The DA core appears to have originated from a Xiao core by inserting sequences from the 16p and 21q donor loci (Figs. 2 and 3). While replicative DNA transposition has been proposed to explain chimeric sequence formation within SDs [11,32], the exact mechanism by which DNA has transposed is unclear, as these sequence fragments do not encode DNA transposases like DNA transposons. In addition, the model proposes that sequences from different donor loci are being independently transposed to the acceptor locus [11,32], predicting a higher possibility of acceptor locus sequences intervening between inserted sequences from two different donor loci, which, however, is not the case here as the three sequence fragments from the 16p and 21q donor sites were found to be directly fused (Fig. 2).
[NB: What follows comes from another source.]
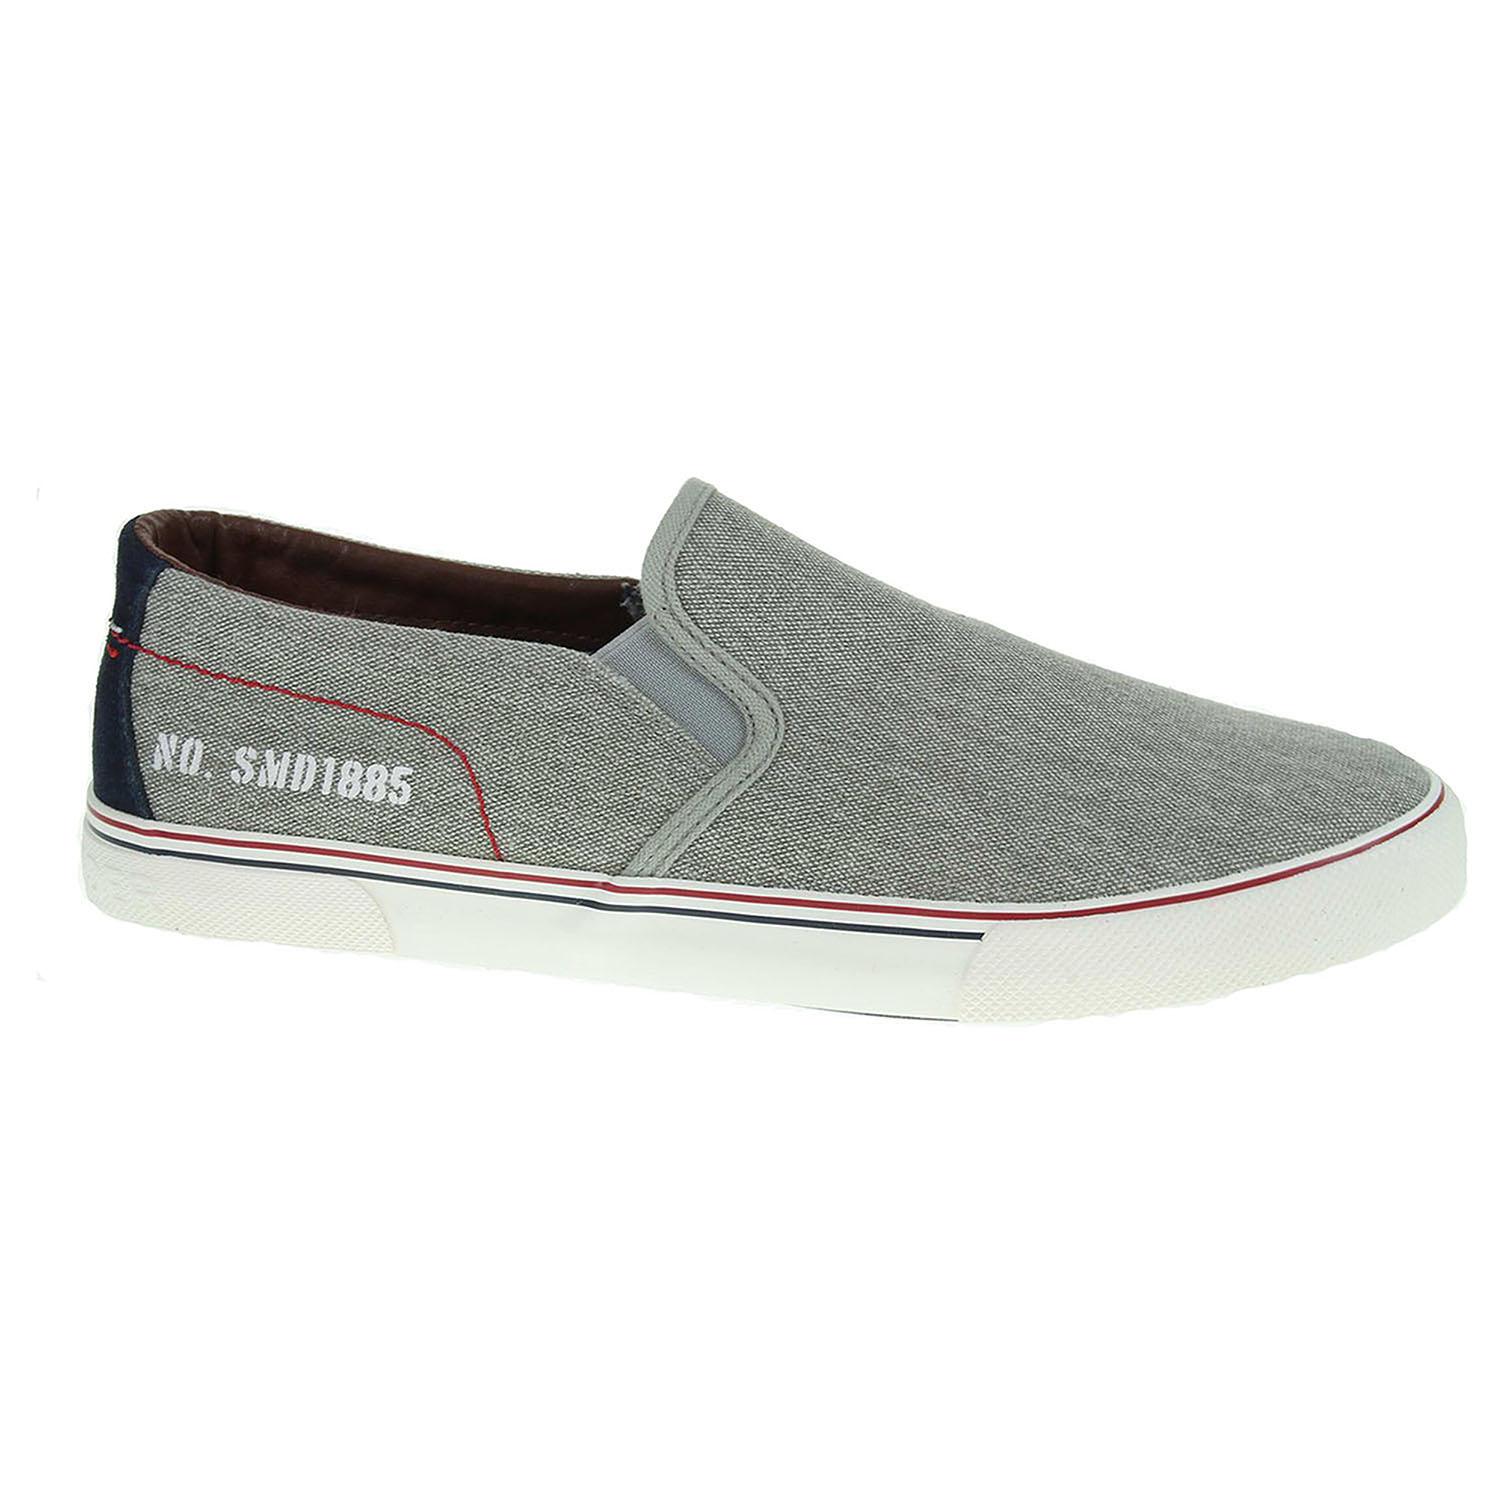 38d4165c5aa5 Ecco Pánská obuv Salamander 60303-35 šedá 24000418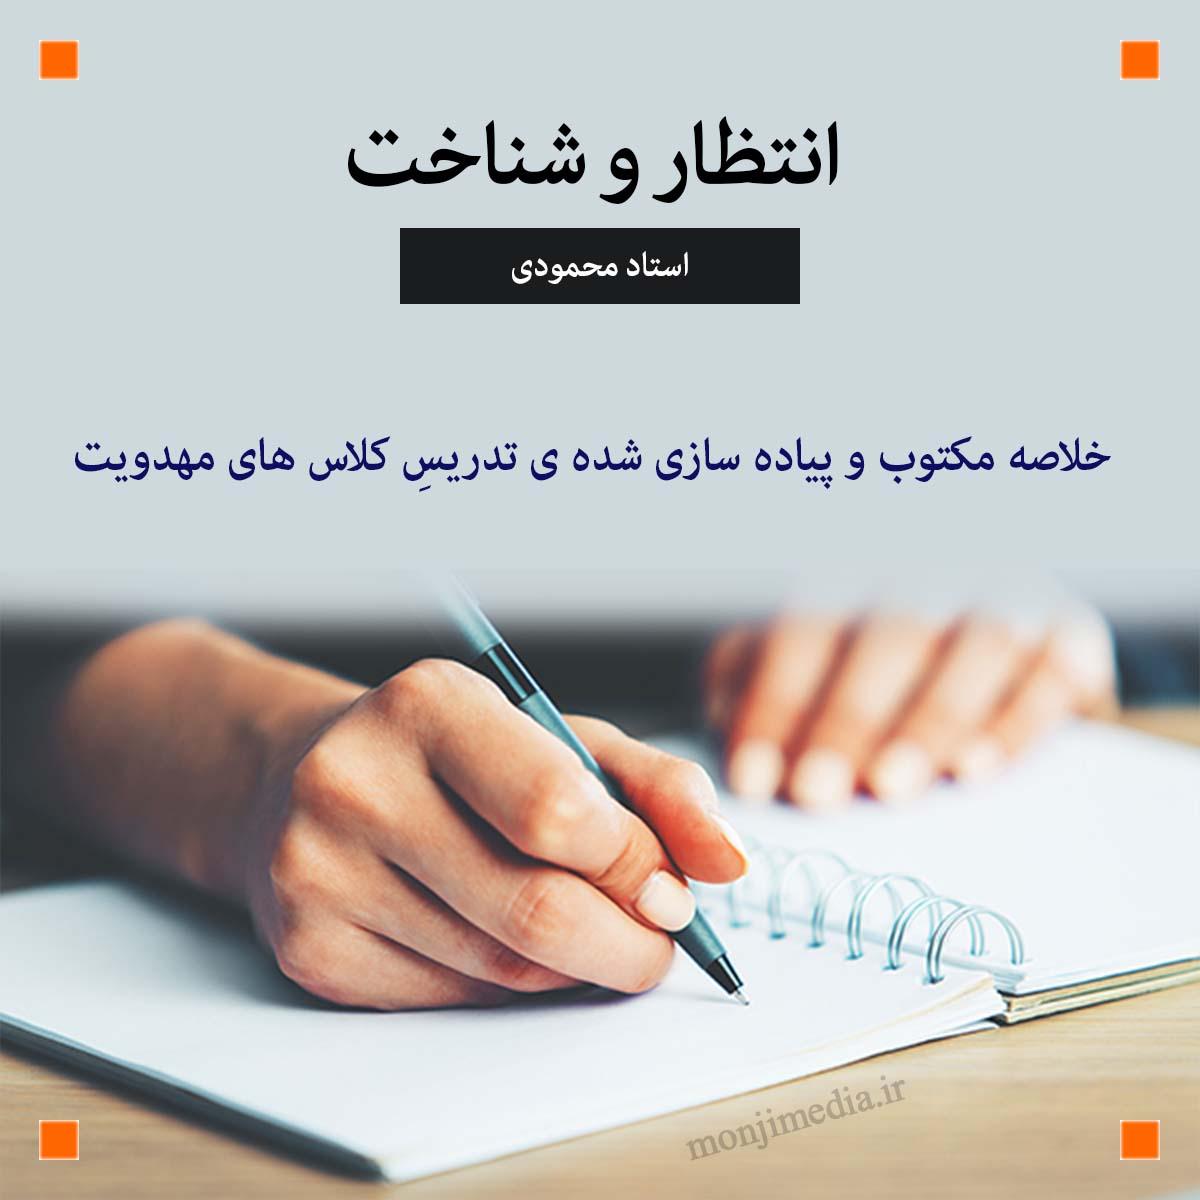 """خلاصه مکتوب """"انتظار و شناخت"""" - استاد محمودی"""

A previous study found that AluS and AluY were enriched at SD junctions and proposed that Alu-mediated nonallelic homologous recombination (NAHR) played a role in the origin and spread of SDs [12]. Although AluS was identified at 16p/ 21q chimeric sequence insertion junctions, several observations argue against the NAHR model. First, NAHR would not result in the 3.4-kb TSD at the insertion site shown in Fig. 2.In addition, NAHR would likely induce genomic rearrangements [12], which was not observed, as the 16p and 21q donor loci were found to be ancestral and no rearrangements have been identified since human diverged from mouse/rat ~75 Myr ago (Fig. 1).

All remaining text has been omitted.